C-PAC's frequency_filter node calls bandpass_voxels (in CPAC/nuisance/bandpass.py) which reads the TR from the NIfTI header of the template-space residuals image. After ANTs resampling to template space, the pixdim[4] (TR) in the NIfTI header is set to 1.0 instead of the original repetition time (2.0 for ds000001).
Verified from the working directory:
tests/data/cpac_outputs/ds000001/working/.../nuisance_regression_template_36-parameter_212/
.../frequency_filter/_inputs.pklz
-> realigned_file: .../residuals.nii.gz (header has TR=1.0)
-> bandpass_freqs: [0.01, 0.1]
-> sample_period: (not connected, reads from nifti)
The ideal_bandpass function uses sample_period to compute FFT frequency bin indices. With TR=1.0 instead of 2.0, the effective passband is 0.005-0.05 Hz (half the intended 0.01-0.1 Hz range). This affects both the BOLD bandpass filtering and the regressor bandpass filtering.

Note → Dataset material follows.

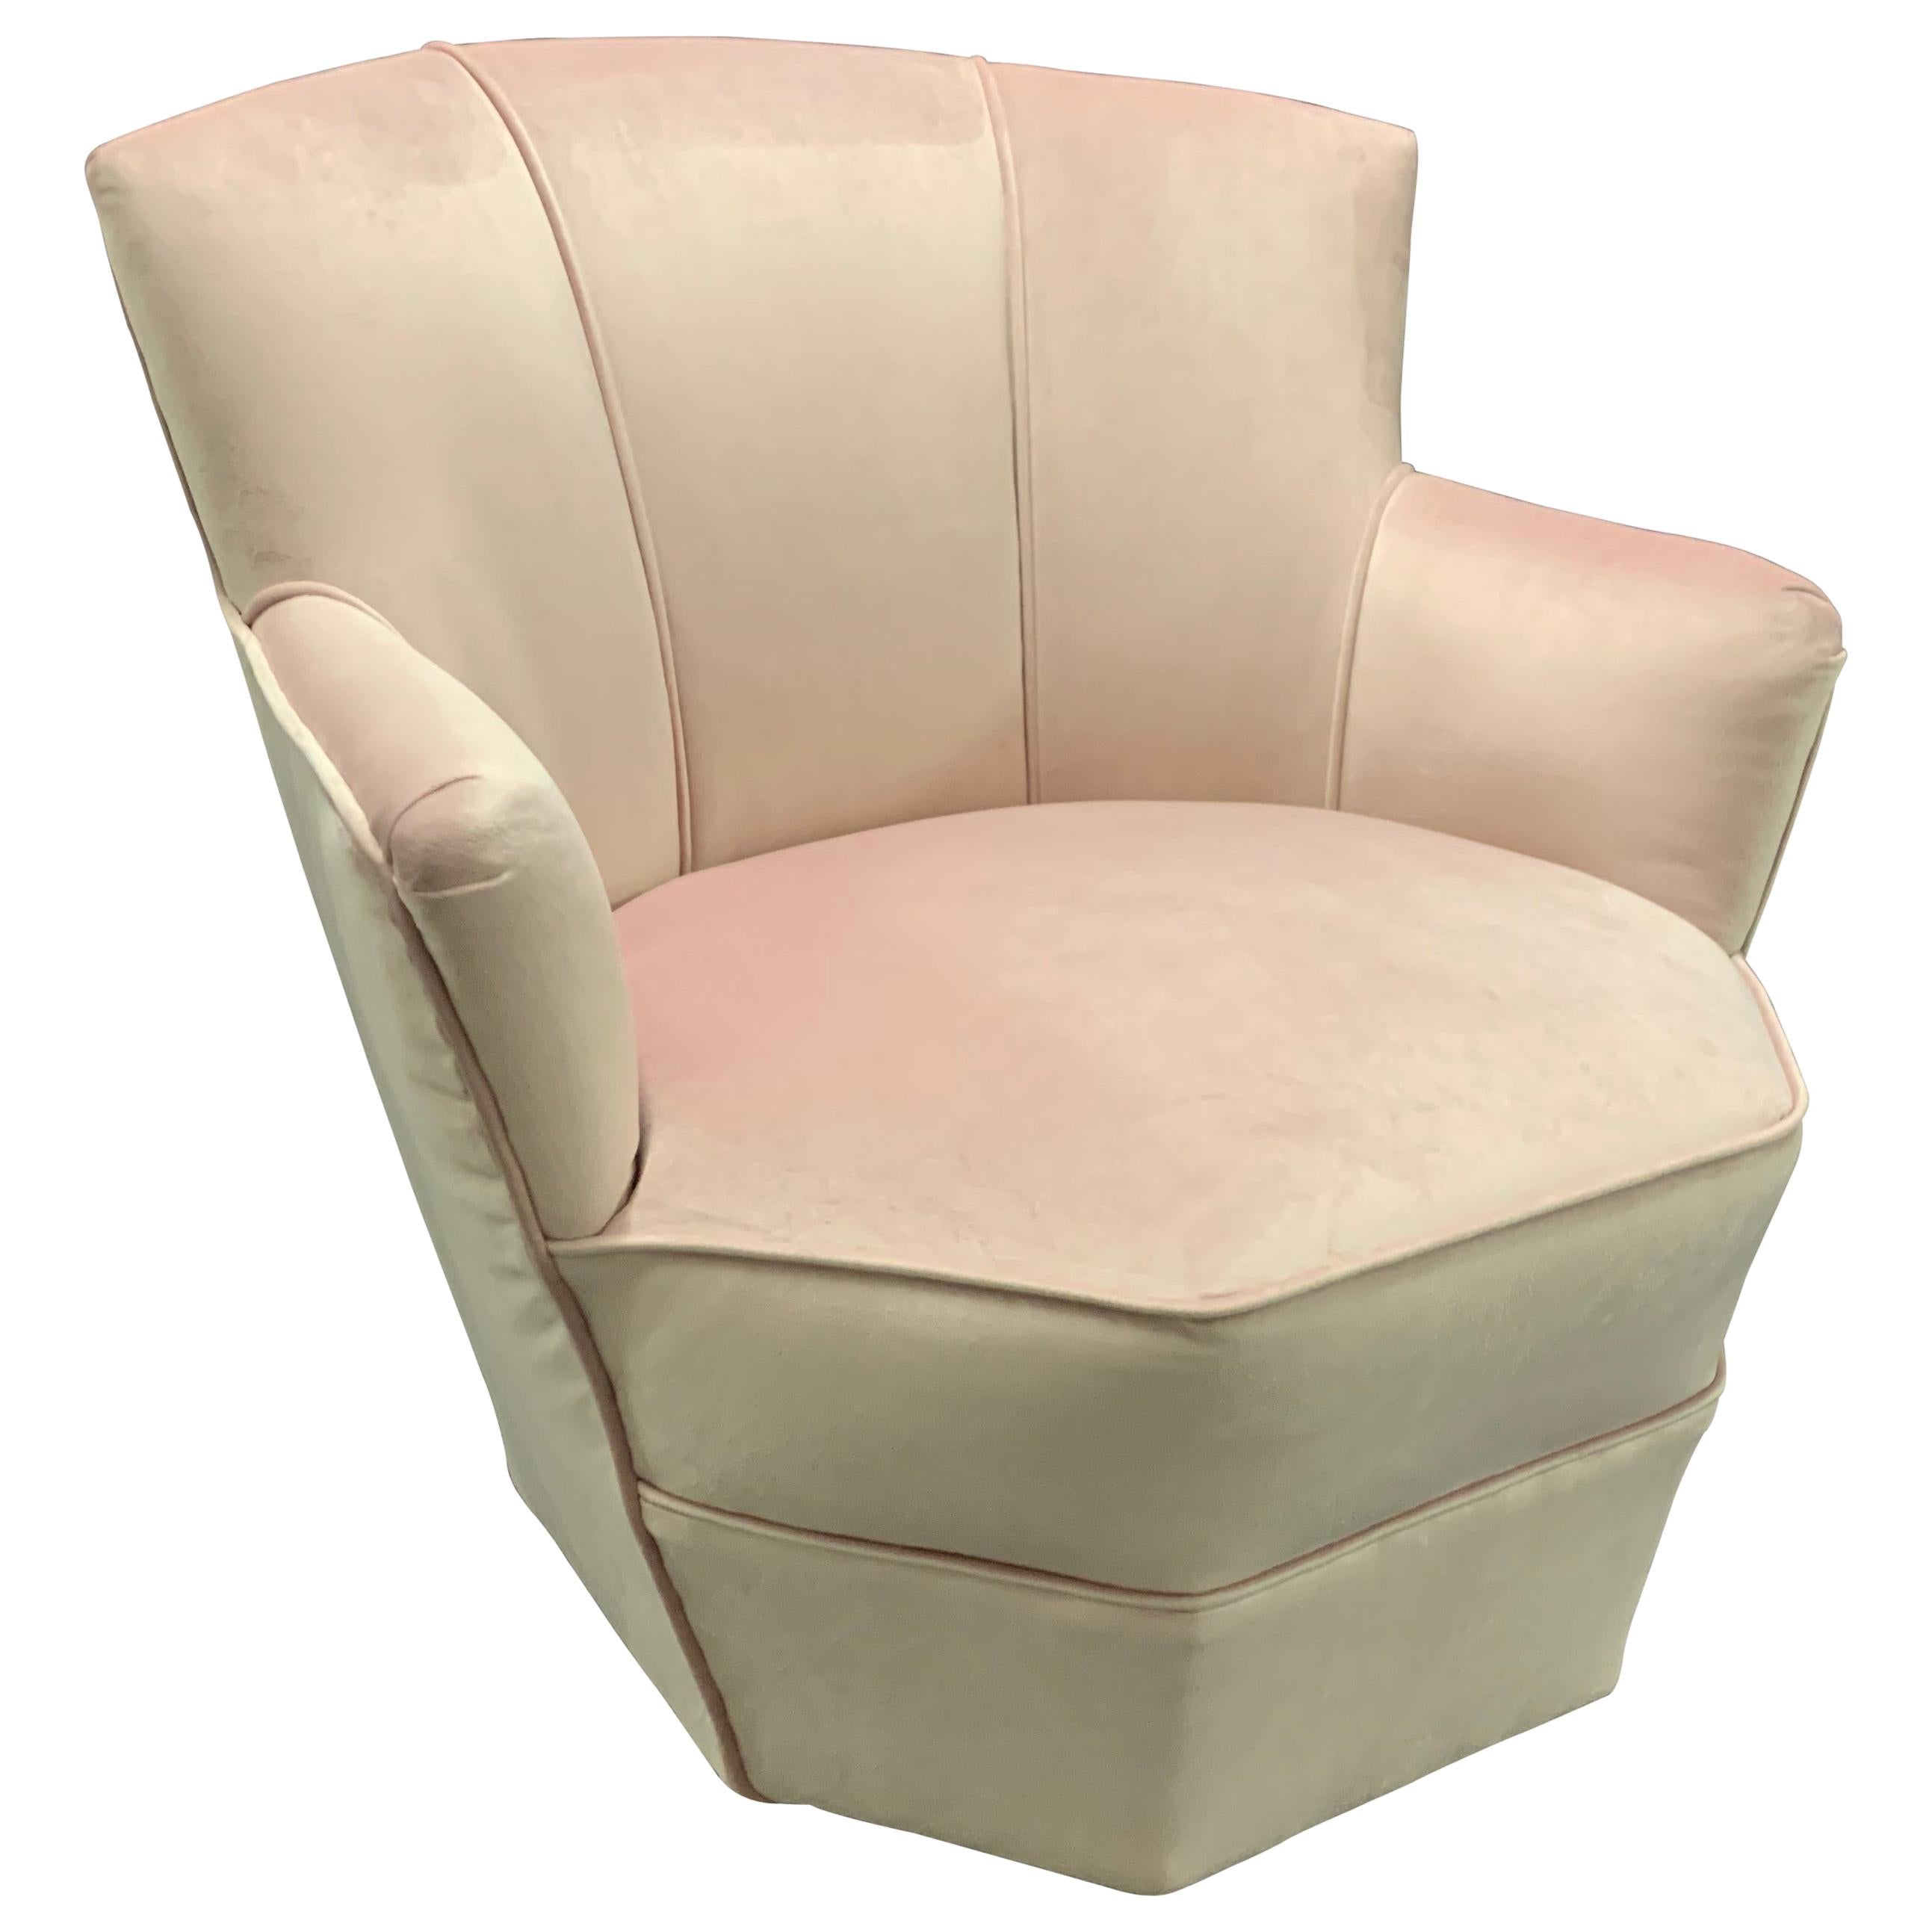 Wonderful French Boudoir Lounge Chair

Confirmed by reproducing the filter: applying ideal_bandpass with TR=1.0 to C-PAC's raw regressors produces r=1.000 correlation with C-PAC's exported filtered regressors, while TR=2.0 (correct) produces r=0.758.
This bug affects all outputs downstream of the frequency filter: cleaned BOLD, ReHo, timeseries extraction, and connectivity matrices. ALFF/fALFF are also affected since they are computed from the bandpassed BOLD.
The XCP-style QC file reports meanDVFinal and motionDVCorrFinal as post-regression DVARS metrics (per the XCP dictionary: "correlation of RMS and DVARS after regression"). However, inspecting the C-PAC source code (xcp.py) reveals that both DVInit and DVFinal are computed from the same pre-nuisance regression BOLD input.
This was confirmed empirically: meanDVInit = meanDVFinal and motionDVCorrInit = motionDVCorrFinal for every subject across all three datasets (HBN, PNC, NKI) during the small benchmarking study.
In contrast, RBC correctly computes DVFinal from the post-regression bandpass-filtered BOLD (cleaned_bold), as intended.
The logs show two separate mcflirt runs: one on post-STC data (path 97, used for template-space outputs via single-step resampling) and one on pre-STC data (path 85, used for derivative-space outputs). The single-step resampling path does not use the mcflirt-corrected BOLD directly; it applies per-volume motion .mat transforms alongside BBR and anat-to-template warps in one interpolation pass. The mcflirt-corrected output from path 97 is only used for masking and BBR estimation. This is not incorrect (fewer interpolation passes is better), but the duplication is confusing.